Ich bat ihn, in einen Nebenraum zu gehen und dort auf mich zu warten, bis ich die übrigen Schüler mit einer Aufgabe betraut hätte. Im folgenden Gespräch bat ich ihn, den Vorfall noch einmal ausführlich zu schildern, und hörte ihm aufmerksam zu, ohne ihn zu unterbrechen. Ohne zunächst auf seine Ausführungen einzugehen, beschrieb ich ihm daraufhin meinen bisherigen Schultag und wies ihn freundlich auf den Passus in der Hausordnung hin. Das brachte ihn leider nicht von seiner Forderung nach dem Handy und seiner Weigerung, am Mathematikunterricht teilzunehmen, ab. So saß er während des restlichen Unterrichts im Nebenraum.

Auch ein zweiter Gesprächsversuch brachte keinen Erfolg und verstärkte sogar Dominiques starrköpfiges Verhalten. So musste die Klassenlehrerin ihn nach Rücksprache mit der Schulleitung und nach einem Telefonat mit seinem Vater für den Rest des Schultages vom Unterricht ausschließen und nach Hause schicken. Er weigerte sich zunächst, die Schule zu verlassen, aber ihr Hinweis, dass sie am kommenden Tag noch einmal mit zeitlichem Abstand über die Sache reden könnten, bewog ihn dann doch, nach Hause zu gehen.

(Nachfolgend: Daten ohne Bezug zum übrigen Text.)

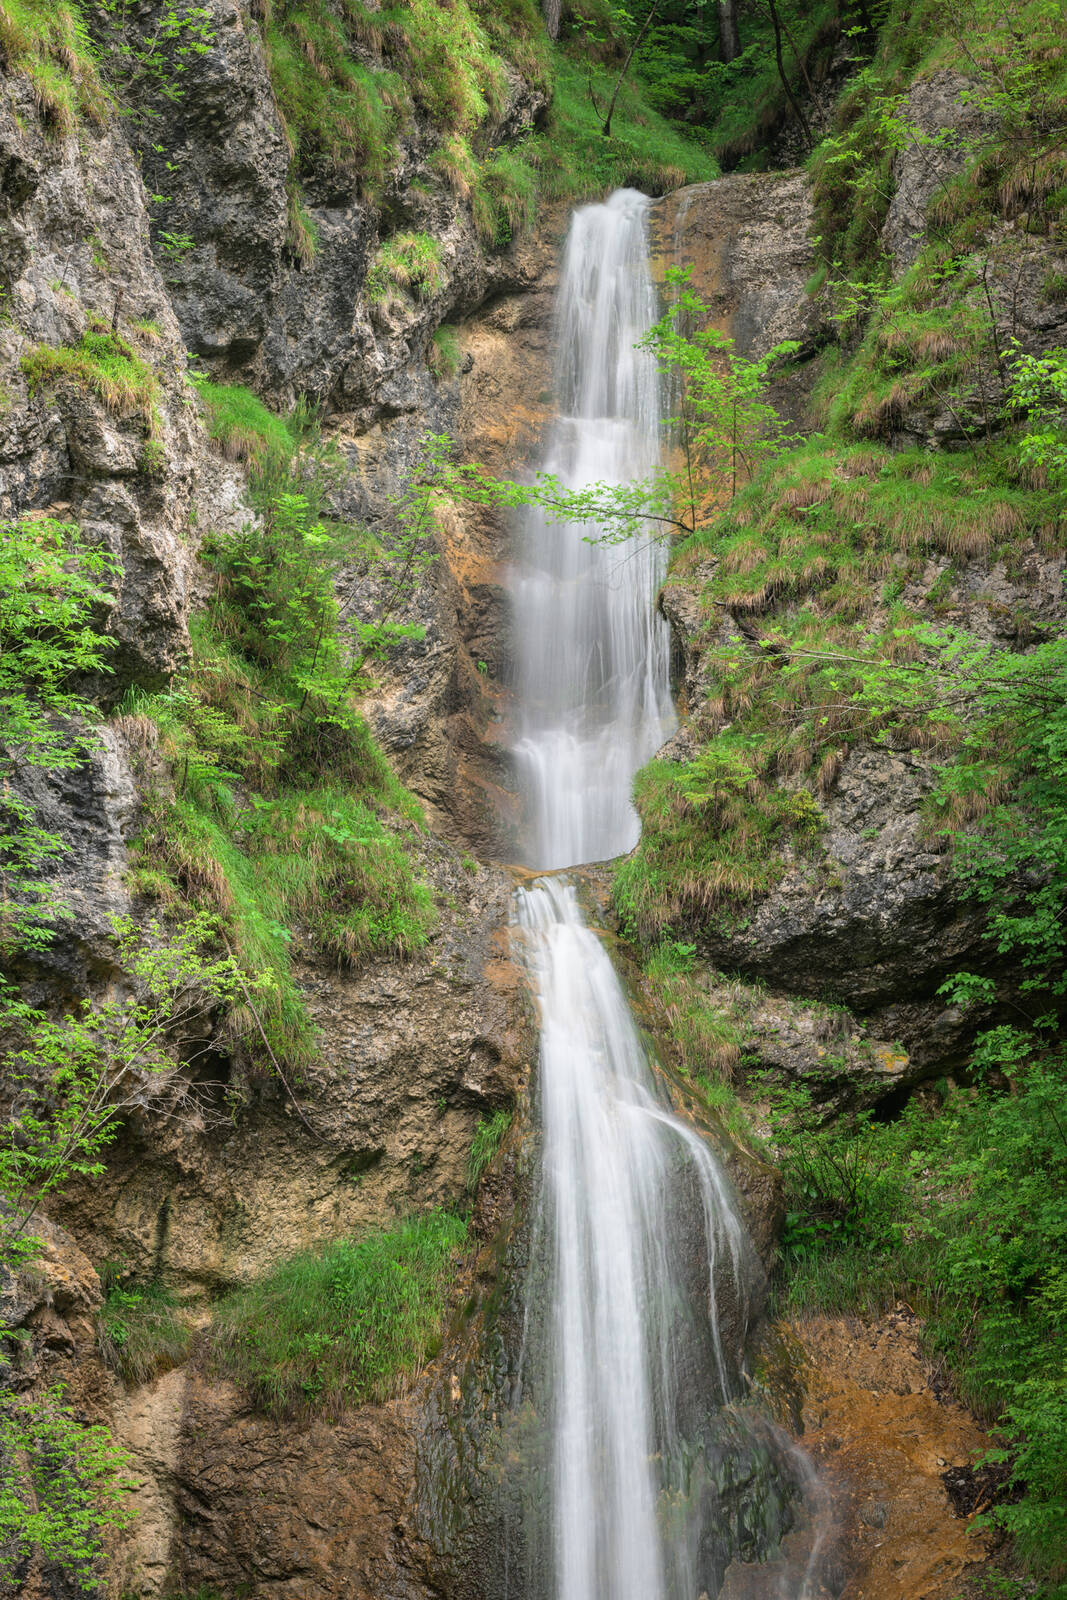 Image of Repov Slap (Rep Waterfall) by Luka Esenko

Am folgenden Tag kam Dominique schon vor dem Unterricht zu ihr. Er bedauerte, sich nicht an die Hausordnung gehalten zu haben, und entschuldigte sich bei ihr für sein Verhalten am Vortag. Wie ich später erfuhr, hatte Dominique am Nachmittag ein längeres Gespräch mit seinem Vater geführt. Den Ausschlag für seine Meinungsänderung gab jedoch wohl der abendliche Austausch über Telefon und Internet mit seinen Freunden. Durch ihn gelangte er zu der Einsicht, dass sich ein weiteres Beharren auf seinem Standpunkt negativ auf das Miteinander in der Schule auswirken würde.

Respektvoller Umgang miteinander

Ich erwarte von den Schülern einen respektvollen Umgang mit mir als Lehrperson. Folglich muss ich in der mir zugewiesenen Vorbildrolle den Schülern auch respektvoll begegnen. Das ist nicht immer einfach. Gerade bei Jugendlichen in der Pubertät, einer Altersphase, in der sich die Persönlichkeit entwickelt, werden Unsicherheiten und Ängste gerne durch provozierendes, freches und beleidigendes Verhalten zu überdecken versucht. So kommt es vor, dass Lernende ihre Mitlernenden oder mich anpöbeln, durch Gesten massiv beleidigen oder Regeln demonstrativ verletzen. Dieses Verhalten lässt einen geregelten und zielorientierten Unterricht meist nicht mehr zu.